The most common cause of death in RA is cardiovascular disease cancers or infection. Factors associated with poor prognosis include older age longer duration of the disease, multiple joint involvement high level or rheumatoid factor. Other factors which have the potential to reduce life expectancy include severe disability vasculitis and other extra articular disorders as well as the potentially toxic medications used.
Classes and Severity of Rheumatoid Arthritis
For rating purposes rheumatoid arthritis may be classified as mild moderate or severe.
Criteria for each are:
Mild
Minimal pain or stiffness in peripheral joints no or minimal swelling no deformity. Continuous treatment required. Occasional use of aspirin and negative rheumatoid factor able to carry out normal activities of daily living.
Moderate
Moderate pain and stiffness, more extensive joint involvement slight deformity or limitation of movements in affected joints. Requires frequent or continuous treatment RF is positive ESR < 55. Applicant is able to carry out most or all ADLs with limited difficulty. Or assistance.
Severe
Chronic active disease with no complete freedom from pain, marked deformities with serious restrictions of movement and impairment of function. Lesions (i.e. nodules pulmonary fibrosis) Continuous treatment which includes oral steroids Imuran Embrel Rituxan. Rheumatoid nodules.
Current statistics indicate that 50% of Rheumatoid Arthritis patients are work disabled 10 years after onset. Underwriters will consider whether the occupation requires manual dexterity or physical agility.

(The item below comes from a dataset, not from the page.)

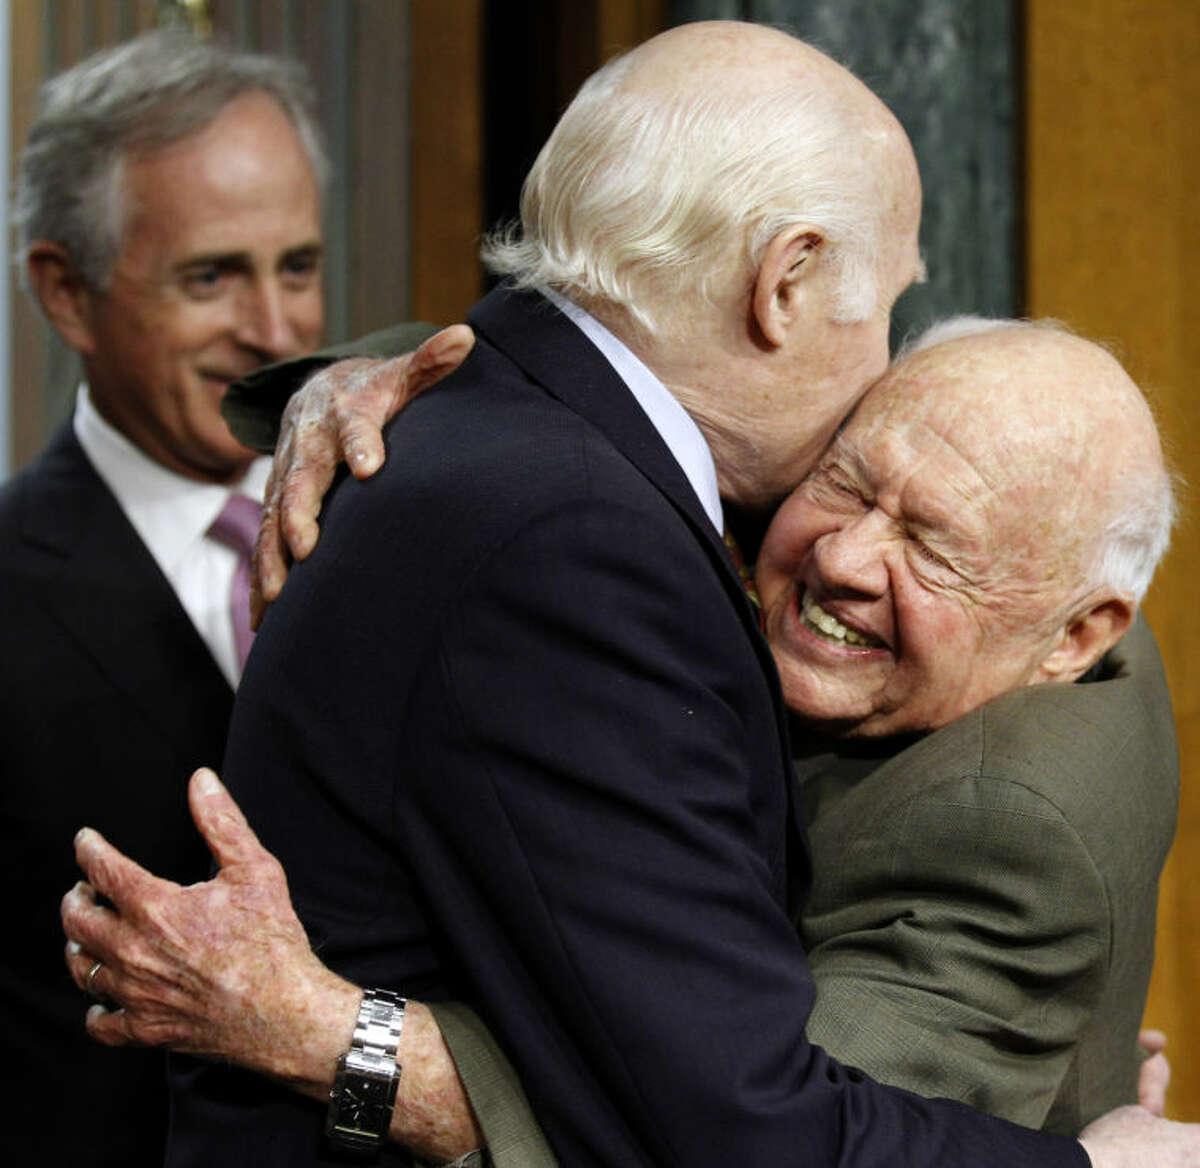 FILE - In this Wednesday, March 2, 2011, file photo, Senate Aging Committee Chairman Sen. Herb Kohl. D-Wis., center, gets a hug from entertainer Mickey Rooney, right, on Capitol Hill in Washington, as Sen. Bob Corker, R-Tenn., looks on at left, prior to Rooney testifying about elder abuse, before the committee. Rooney, a Hollywood legend whose career spanned more than 80 years, has died. He was 93. Los Angeles Police Commander Andrew Smith said that Rooney was with his family when he died Sunday, April 6, 2014, at his North Hollywood home. (AP Photo/Alex Brandon, File)
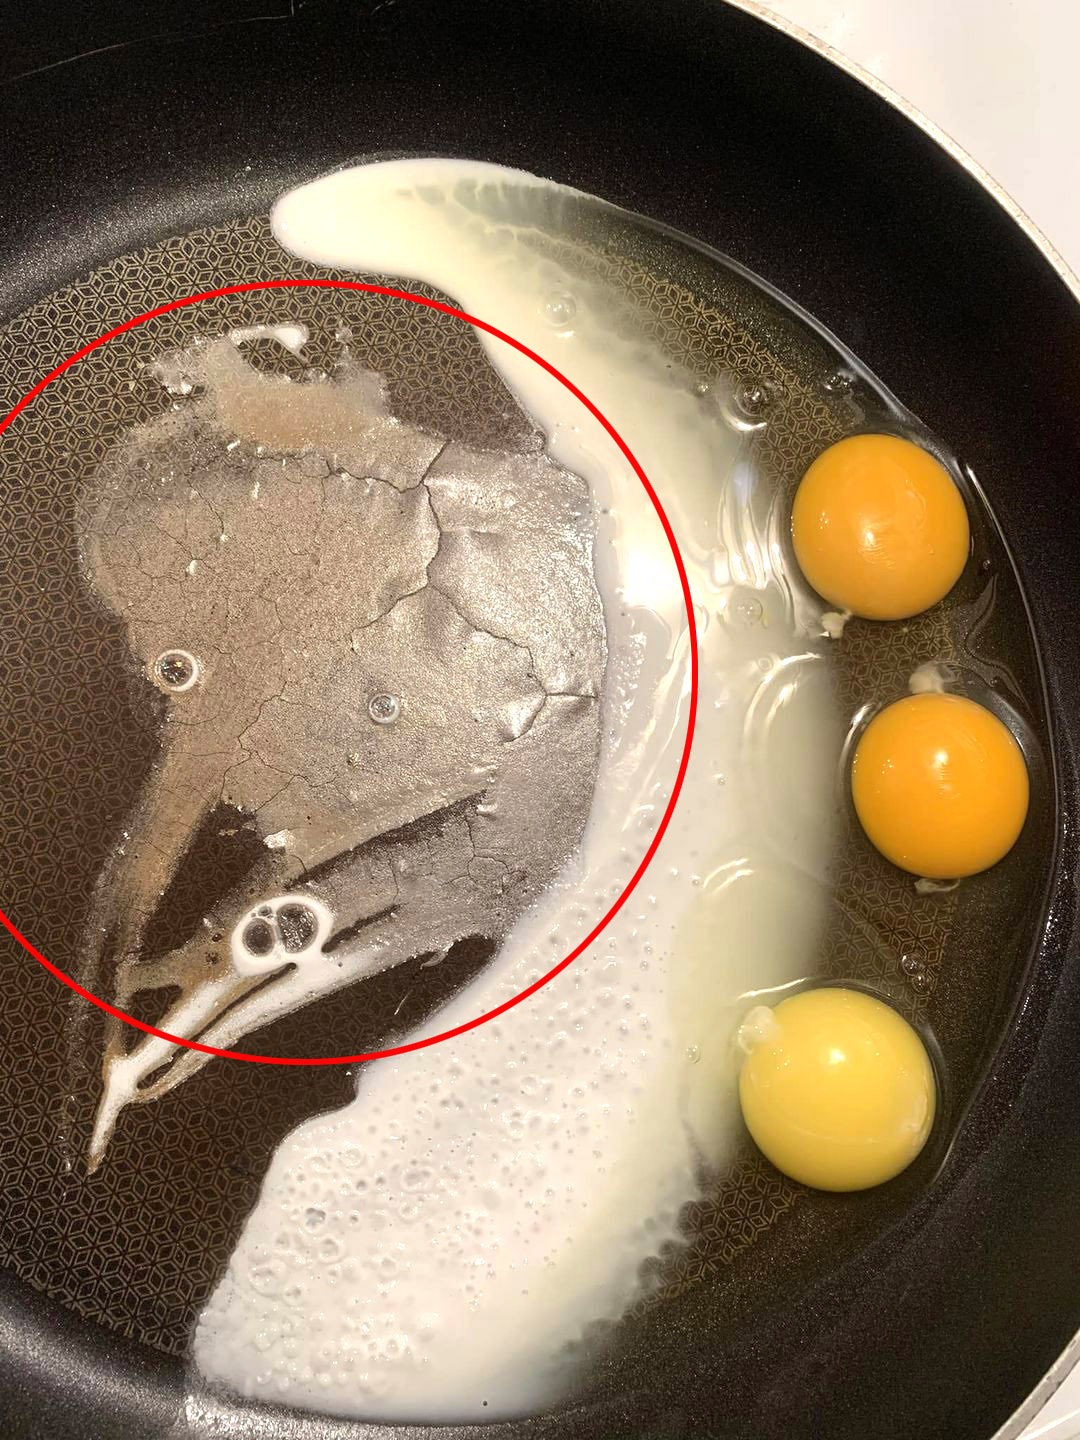 The fried eggs that resemble Mr Burns.

In order to properly appraise the risk the term life insurance underwriter will be looking at age of onset the disease duration severity pattern joint affected results of all investigations, any extra articular manifestations. They will also be looking at complications with morbidity as well as level of functioning and occupation history.
Some very mild cases may qualify for preferred consideration but they will be very few. Risk Classification for your term life rates is based on whether the disease process is mild moderate or severe. Mild is generally STD to table 2 and moderate would be Table 2 to 3 with severe generally table 4 to 6. If Rheumatoid Arthritis is associated with any signs of vasculitis or interstitial lung disease these are usually declined. Up to 4 tables may be added for some other extra articular manifestations.
Conclusion
While some very mild forms of Rheumatoid Arthritis might qualify for preferred most will require a rating, based on whether it is mild moderate to severe. Many of the meds used to control the more severe forms or RA can have some toxic side effects. More than 50% of Rheumatoid Arthritis patients are work disabled within 10 years.